A couple of things come to mind when I read figi's post. Some words of wisdom my dad passed down to me before he passed. "Son, when building a barn figure out what size you want and double it". "Son, when you buy a truck or tractor, get the biggest one you can afford and then buy the next size larger".


----------



## jkingrph (Sep 18, 2017)

Back in 79 when I got out of the USAF, and having been stationed at Eglin AFB, at Ft Walton, Fla right on the coast and having been through one hurricane on the beach, and several others living in N Louisiana, I decided to relocate inland and have never been sorry. Our outages in a semi rural area have either been wind driven, the most common, and the rare ice storm here in central E Texas.

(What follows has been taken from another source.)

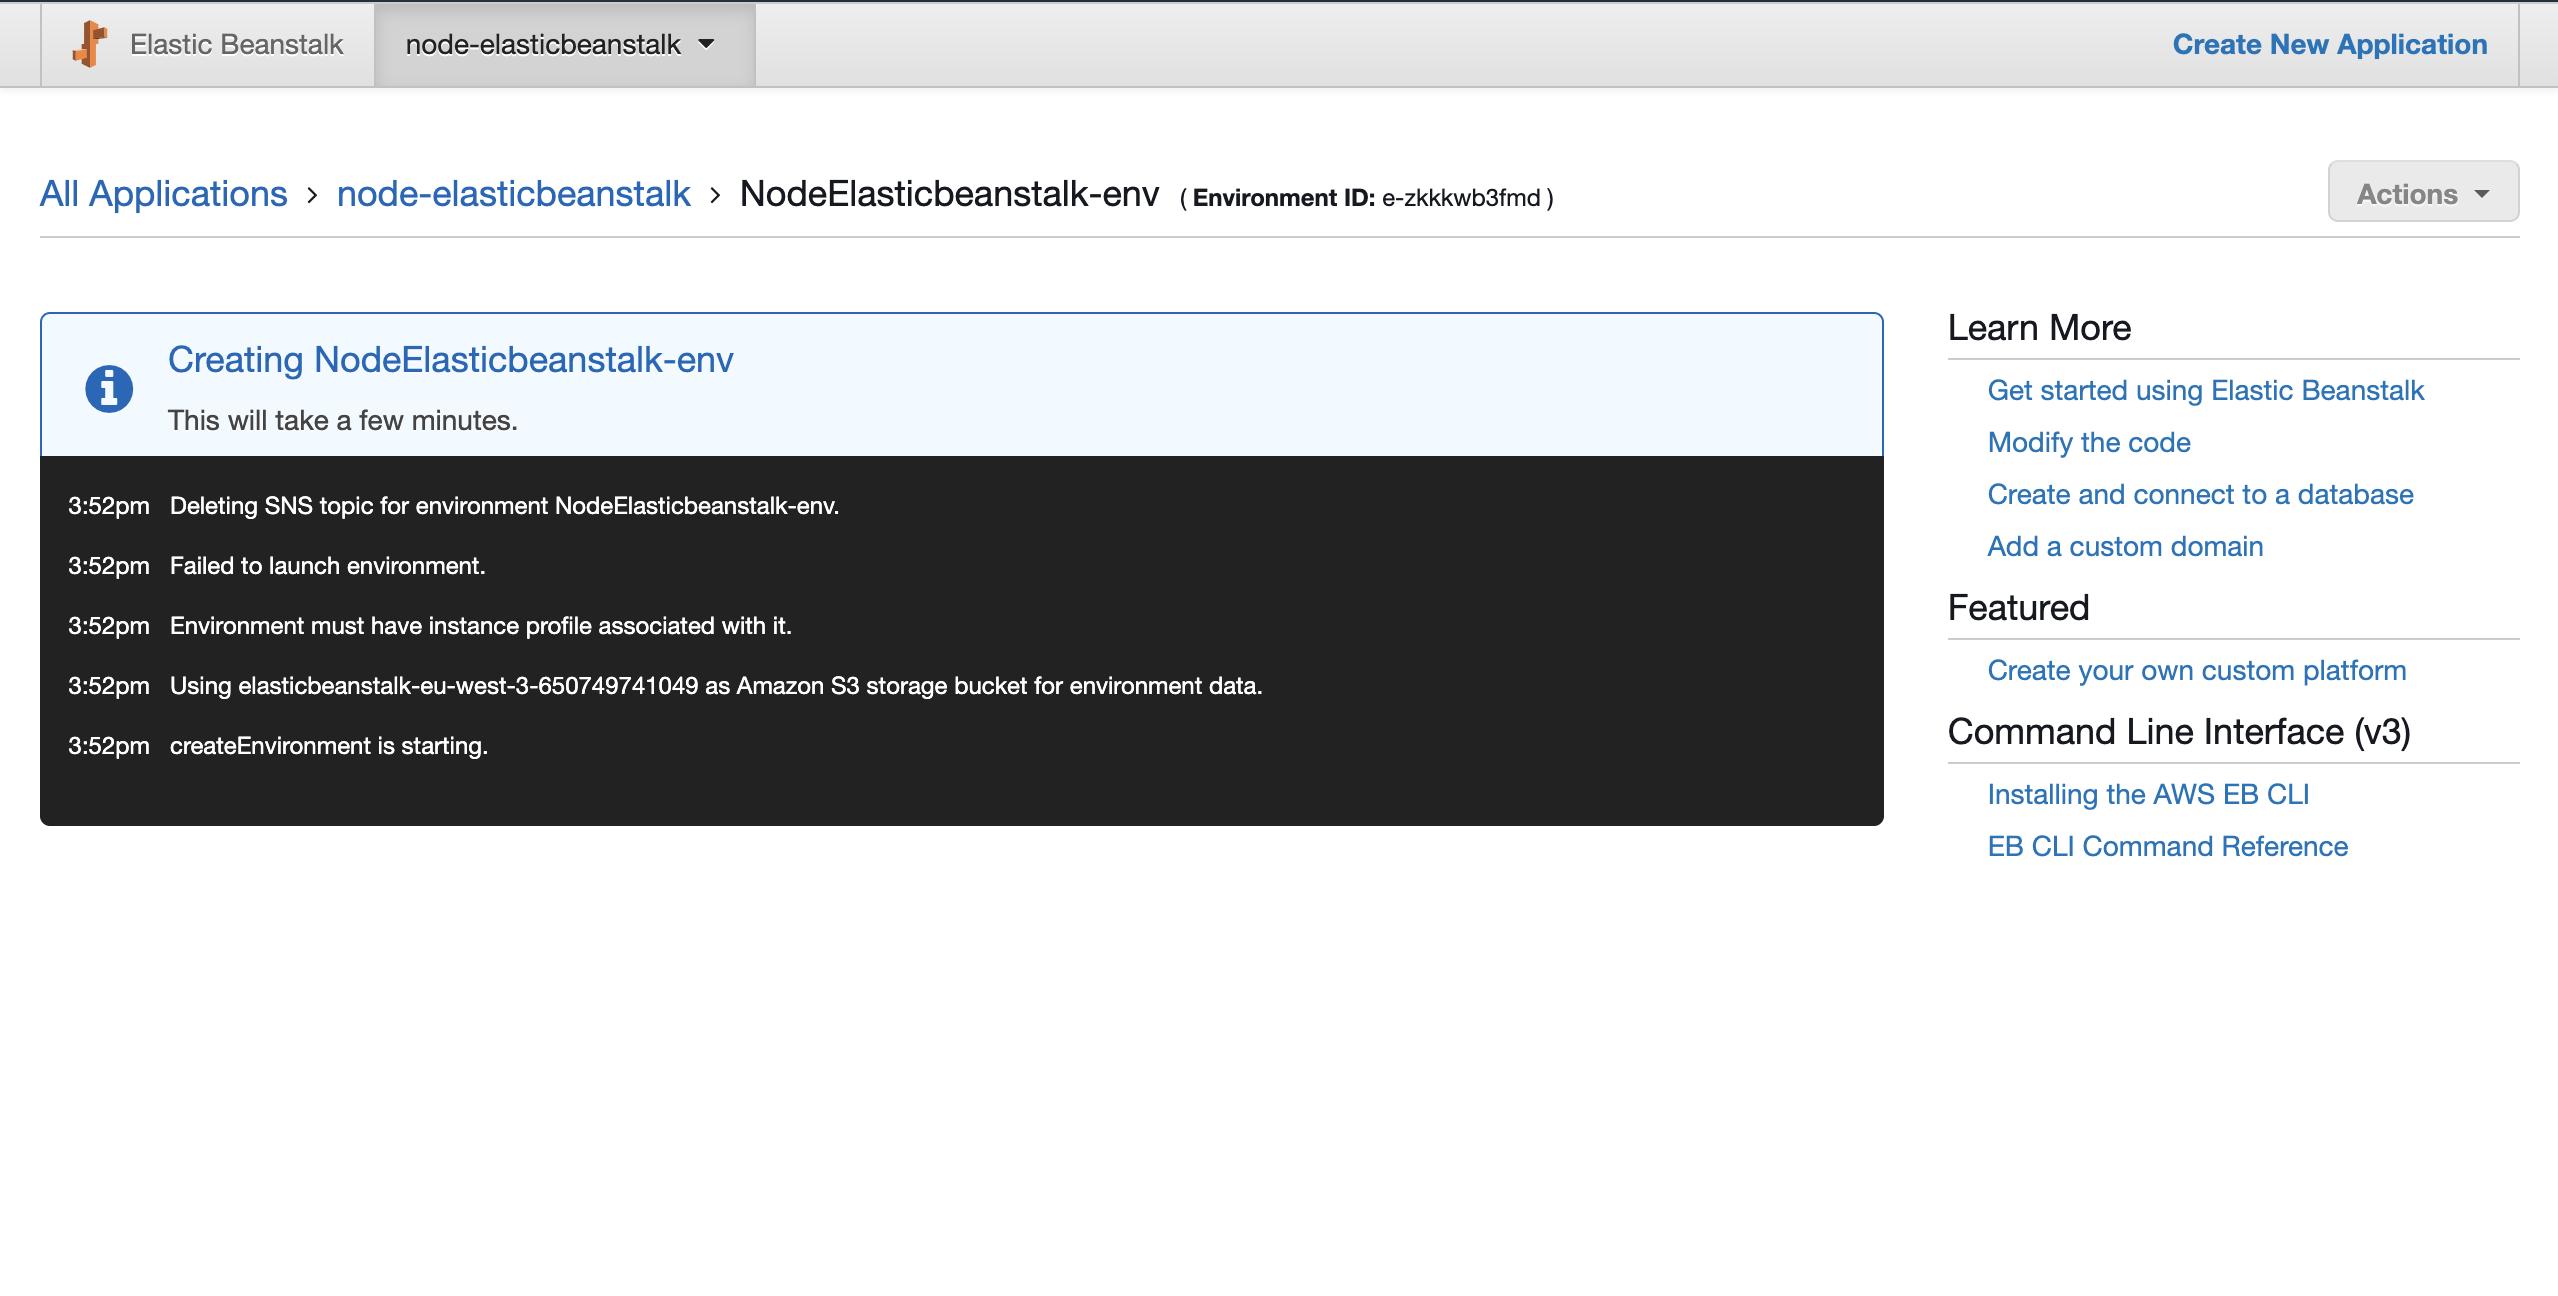 Elasticbeanstalk App creating

We are all electric, central air via a heat pump, so I got the biggest portable I could find locally at the time, a 11000w Honda, rather pricy even 18 years ago when I bought it. I had an electrician friend install a double throw disconnect switch so I could isolate utility power from an inlet box mounted on the side of the switch. Also made a inlet power cord 6/4 wire and 50 amp inlet and outlet plugs on the ends, and just long enough so I could sit the generator under a detached carport and run power to the house. The generator will power almost but not everything, I do turn off electric hot water when on the generator and the supplemental heat strips for the heating system. and in all these years everything has worked. Whenever severe weather threatens, I stock up on ethanol free gas, getting about 60 gal of gas, which I treat with Stabil and just a little two cycle motor oil, keeps cans from rusting, and carb seals lubed, seems to work. When I run the generator, no matter how many or few hours, I change the oil, using high grade synthetic, such as Mobil 1. For gas cans I recently replaced some plastic ones, not wanting 20-30 gal of gas in plastic, with some of the Wavian NATO cans, which are taller and slimmer so I can actually place more of them in an under bench cabinet than with the fat plastic or some of my round metal cans. I generally use the gas through the summer for my mower, and then replace early to mid winter when the chance of ice is greater, or when wind events are forcast.


----------